L’Islam religion d’Etat: ce n’est pas un détail
N’oublions pas que tout-e citoyen-ne marocain-e
a une religion. on peut se déclarer juif-ve ou chrétien-ne
mais pas « sans religion », ce n’est pas envisagé par
la loi, aucune petit case n’est prévue à cet effet sur les
papiers administratifs… L’islam est religion d’État, ce n’est pas
un détail…

Ouvrir un compte, léguer ses biens,
hériter, louer un appartement, (et ne parlons pas de l’adultère
et du contrôle des naissances…) tout est différent suivant
que l’on s’appelle Ahmed ou Aïcha. Les batailles quotidiennes des
associations de défense des droits des femmes pour arracher des
crédits et des réformes. ont réussi à obtenir
du gouvernement marocain un projet de Plan d’action pour l’intégration
des femmes dans le développement. Ce projet était largement
axé sur l’éducation (pour faire baisser le taux d’analphabétisation
des filles, principalement en campagne) et l’aide sanitaire et sociale
(en particulier pour faire reculer la mortalité maternelle et infantile).

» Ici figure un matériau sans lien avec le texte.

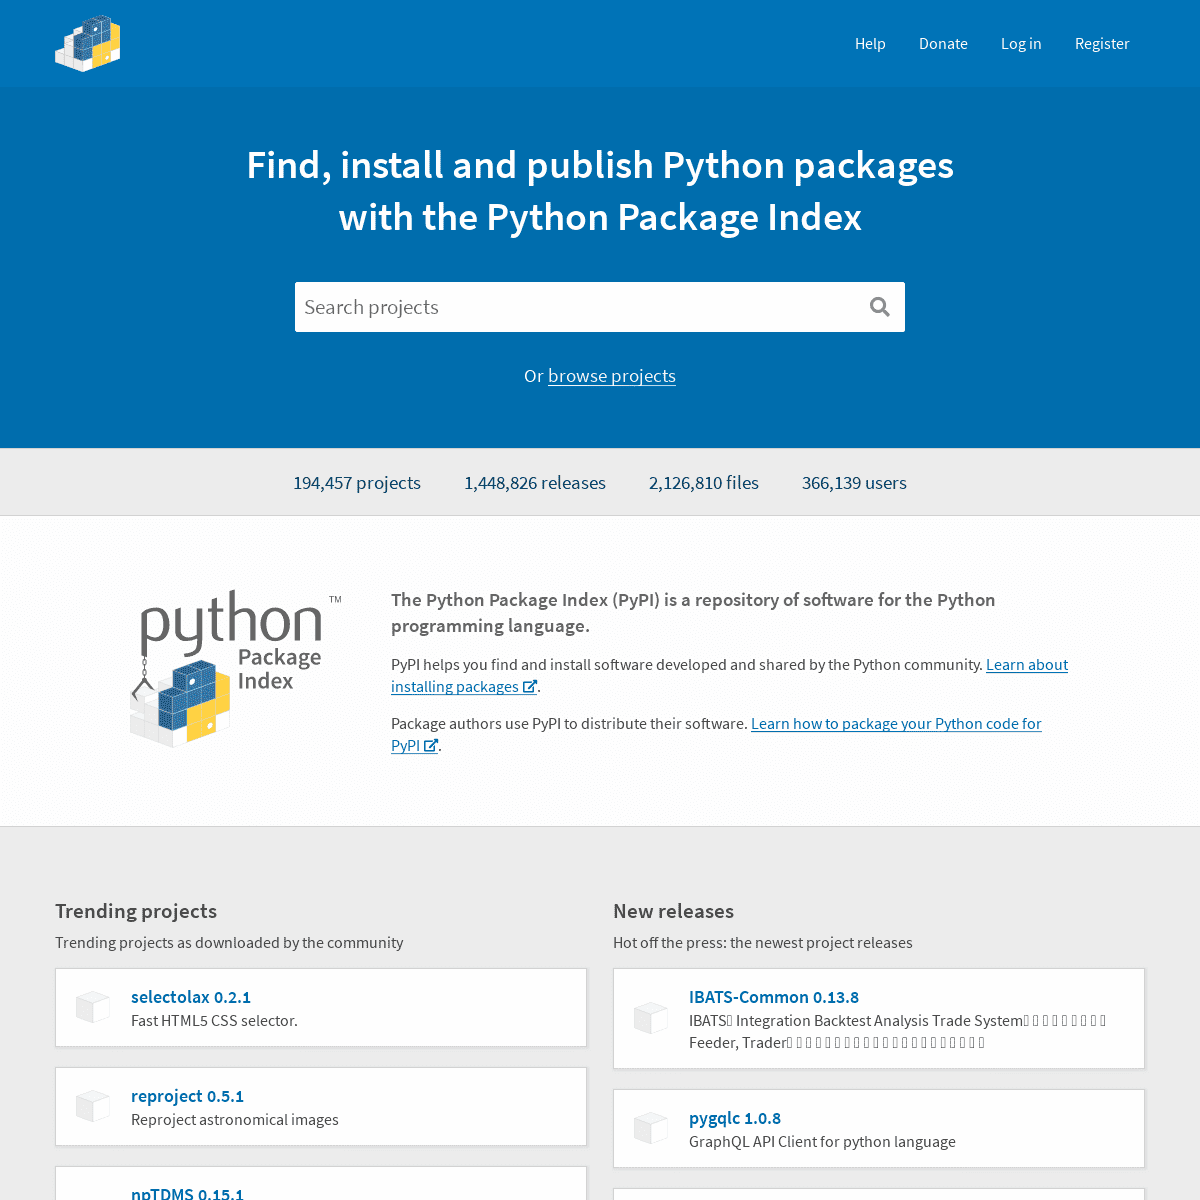 PyPI · The Python Package Index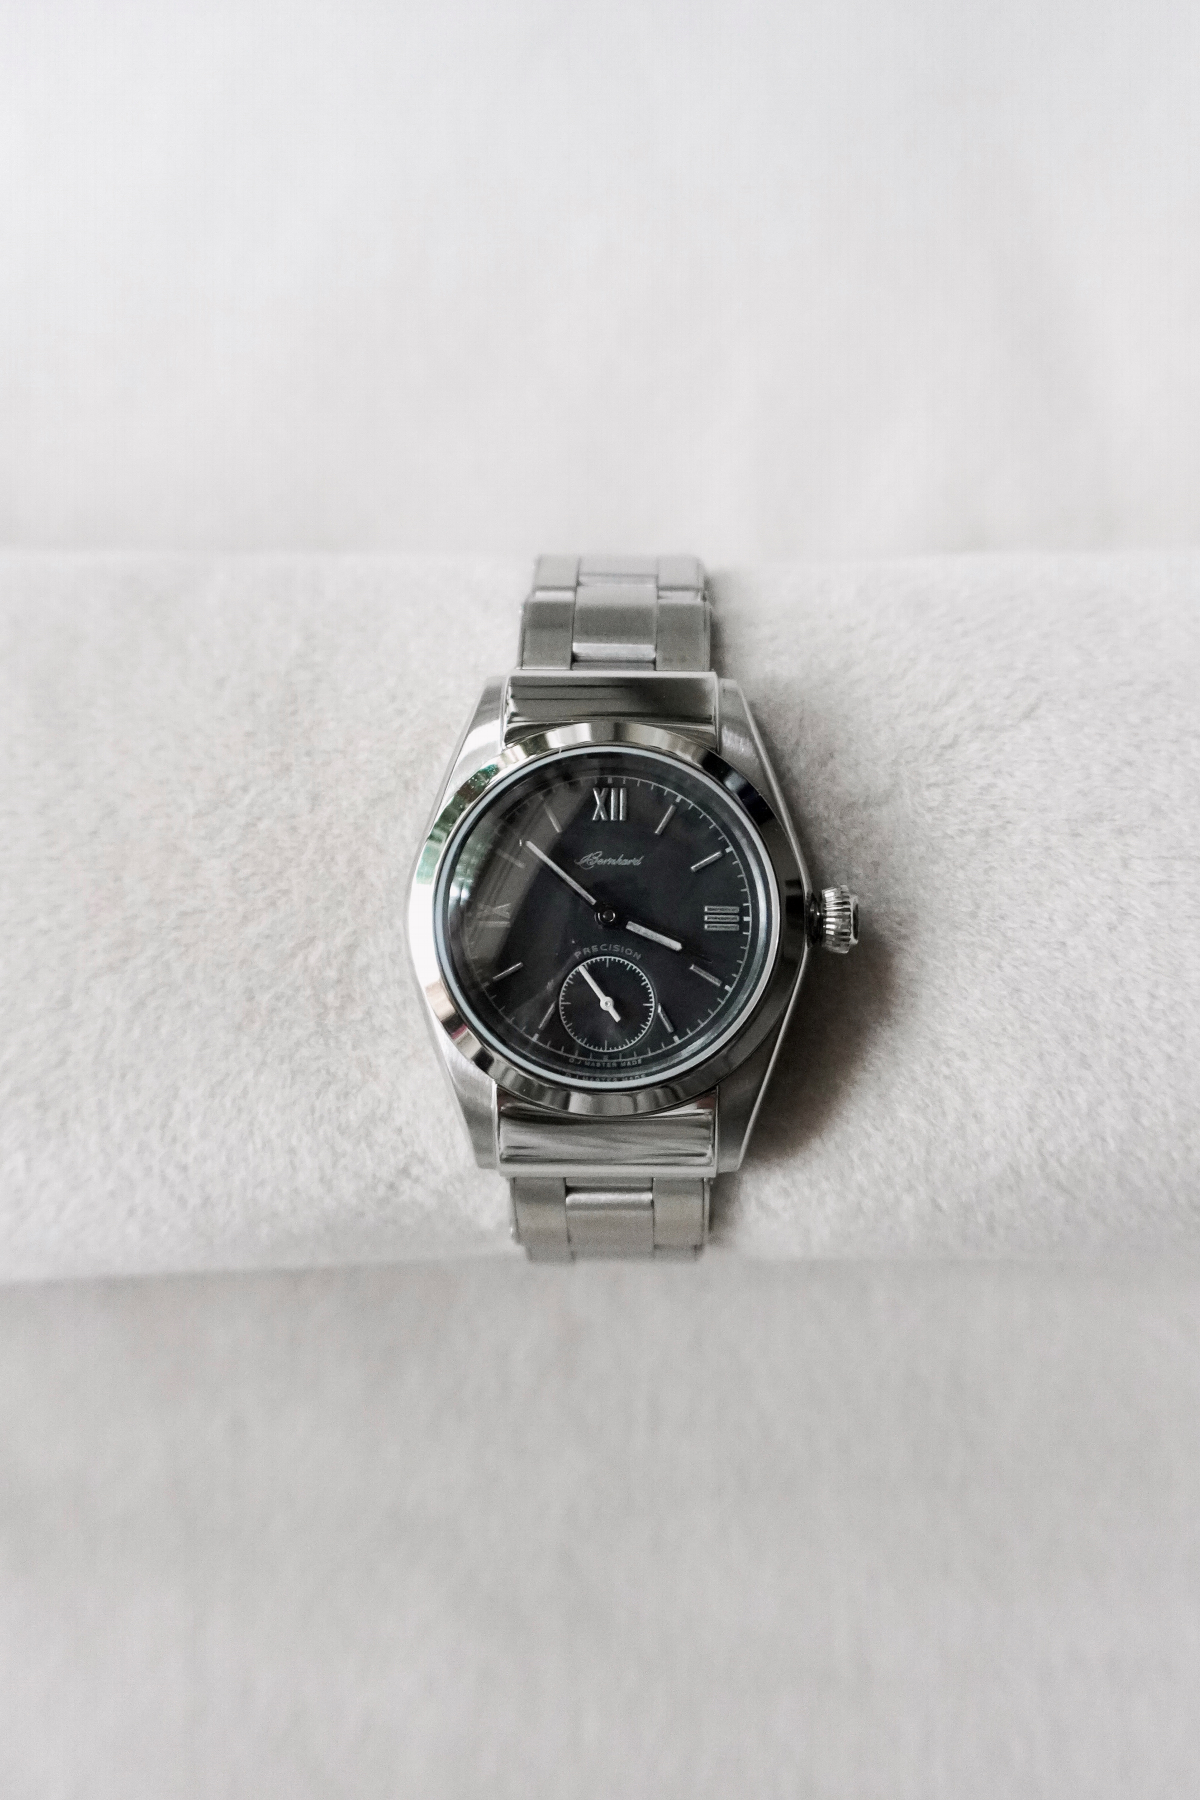 [OLD JOE BRAND] Bernhardt Wristwatch - Silver

Ce plan, qui reste un projet puisqu’il n’a
pas encore été présenté officiellement au conseil
de gouvernement, consacre quelques pages à une réforme du
code de la famille et du statut personnel :
- l’âge légal de mariage
des jeunes filles passerait de 15 à 18 ans ;
- suppression ou limitation de la polygamie
;
- abolition de la répudiation et
instauration du divorce judiciaire… on y parle même de partage des
biens entre époux…
Ces derniers points, ont particulièrement
agacé les barbus et autres musulmans lambdas, c’est-à-dire
tous ceux qui mangent pendant le ramadan, planqués au fond de leur
salon, qui ne vont à la prière que quand il y a un public
digne de ce nom pour les y voir, mais qui retrouvent l’éloquence
du muezzin d’antan pour crier à « l’atteinte aux valeurs fondamentales
de leur religion, de leur famille, et de leur honneur » quand des
réformes menacent d’amener le statut des femmes au-dessus de celui
de paillassons à intégrismes.
Luttes des femmes : face à l’Etat,
contre les barbus
Dès les premiers discours présentant
le projet du plan d’intégration, les mosquées, les universités,
et les médinas…. ont montré ce qu’elles réservaient
aux femmes et aux hommes contestant la légitimité de la tradition
islamiste. Quant au statut des femmes… Il y a déjà plusieurs
années que les universités, (de Casablanca en particulier)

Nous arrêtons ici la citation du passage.